4 Comparative analysis of the superior discrete chaotic system \(T_{\eta ,\rho }(x)\)
This section deals with the comparative stability analysis of the superior discrete system \(T_{\eta ,\rho }(x)\) for decreasing values of control parameter \(\eta \in (0,1)\) and versus existing discrete systems in terms of comparative bifurcation and maximal Lyapunov exponent diagrams.
4.1 Comparative stability analysis w.r.t. decreasing values of control parameter \(\eta \in (0,1)\)
From the comparative bifurcation plots at different values of control parameter \(\eta \) versus the growth-rate parameter \(\rho \) as depicted in Fig. 8, we notice that for decreasing values of the control parameter \(\eta \) from 1 to 0, the superior system \(T_{\eta ,\rho }(x)\) remains in a convergent or stable state for the higher range of the growth-rate parameter \(\rho \). That means, the stability extent of the parameter \(\rho \) increases as we decrease the value of parameter \(\eta \in (0,1)\). Hence, it represents an inverse relation amidst the control parameter \(\eta \in (0,1)\) and the growth-rate parameter \(\rho >0\). A comparative study of the main dynamical behaviors of the superior system \(T_{\eta ,\rho }(x)\) versus distinct values of control parameter \(\eta \) is also provided in Table 1.
4.2 Comparative stability analysis of the system \(T_{\eta ,\rho }(x)\) versus existing discrete systems
Here, we examine the stability extent of the superior discrete system \(T_{\eta ,\rho }(x)\) in contrast to the canonical logistic system \(f_{\rho }(x)=\rho x (1-x)\), logistic system in superior orbit \(M_{\eta ,\rho }(x)\) and the original discrete system \(k_{\rho }(x)=\frac{\rho x (1-x)}{1+x}\). So, from the comparative Lyapunov plots shown in Fig. 9, it is reported that the red colored Lyapunov spectrum of the system \(T_{\eta ,\rho }(x)\) renders an enhanced stability range in contrast to the remaining Lyapunov spectrums in different colors for other systems.
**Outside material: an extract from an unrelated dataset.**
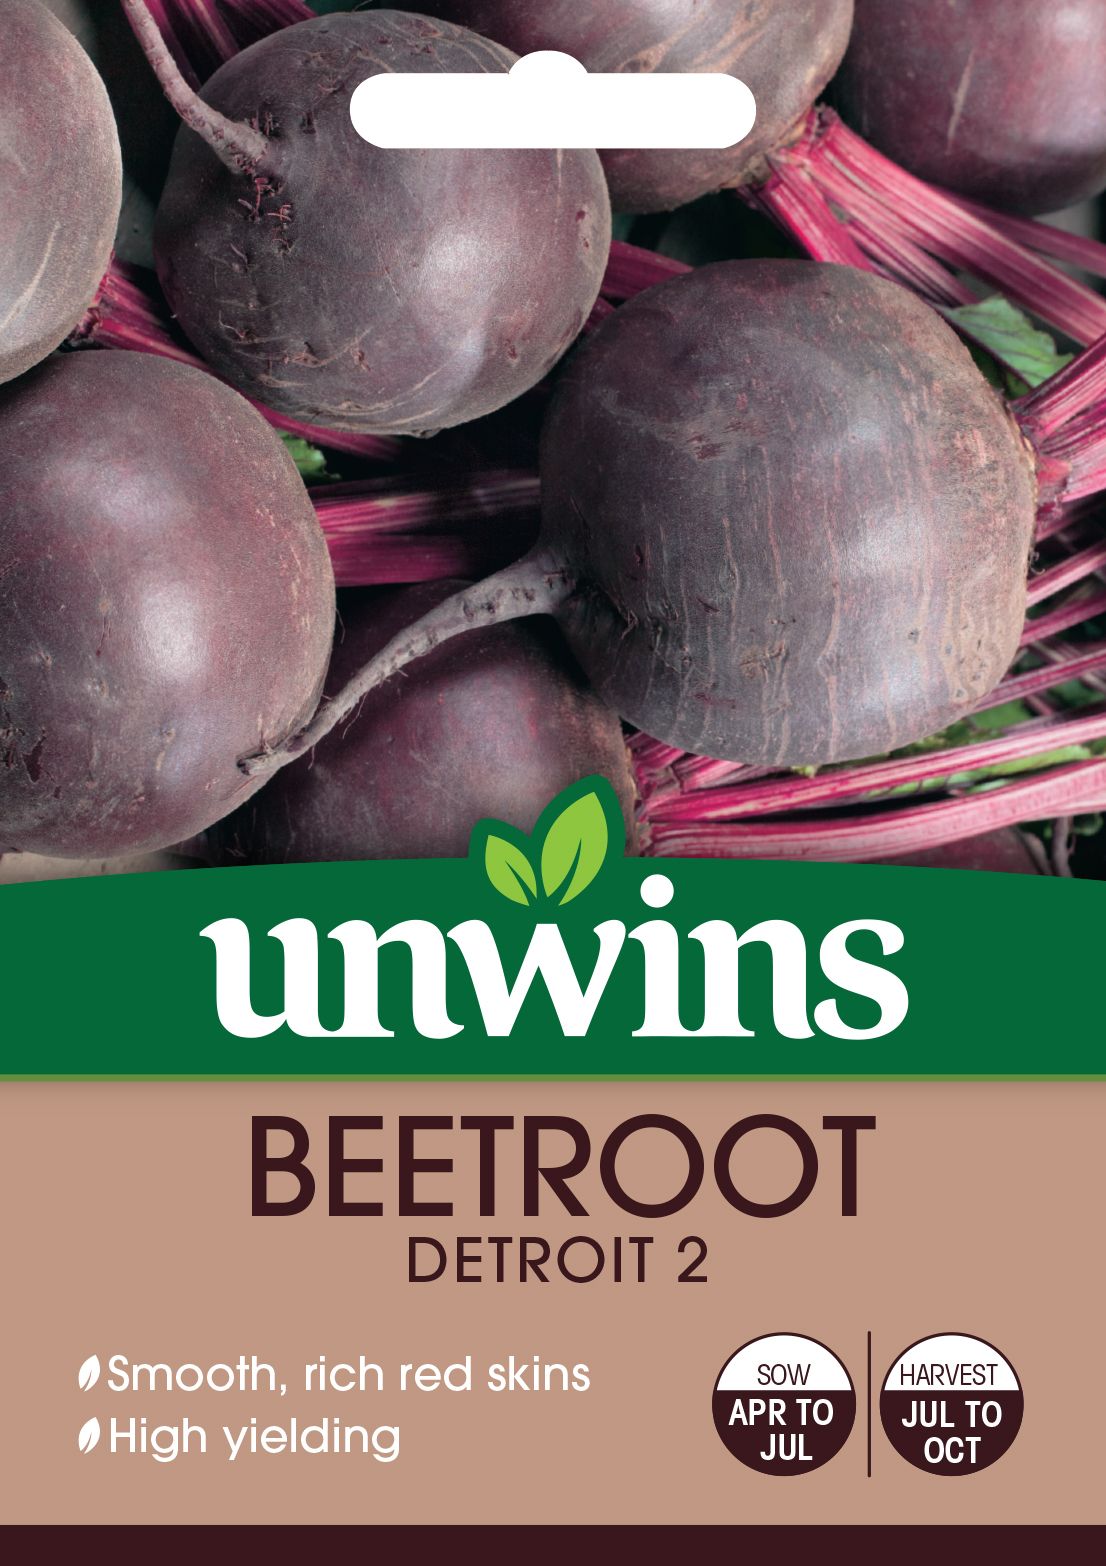 Beetroot (Round) Detroit 2

Further, Fig. 9 also depicts comparatively lower maximal Lyapunov exponent (MLE) value for the system \(T_{\eta ,\rho }(x)\) than that of the existing discrete systems. In addition, the lower MLE value of any system indicates the weaker sensitivity on initial conditions. Thus, the superior discrete system \(T_{\eta ,\rho }(x)\) having lower MLE value may be effectively used for different control-based applications.
4.3 Applications of the superior discrete system \(T_{\eta ,\rho }(x)\)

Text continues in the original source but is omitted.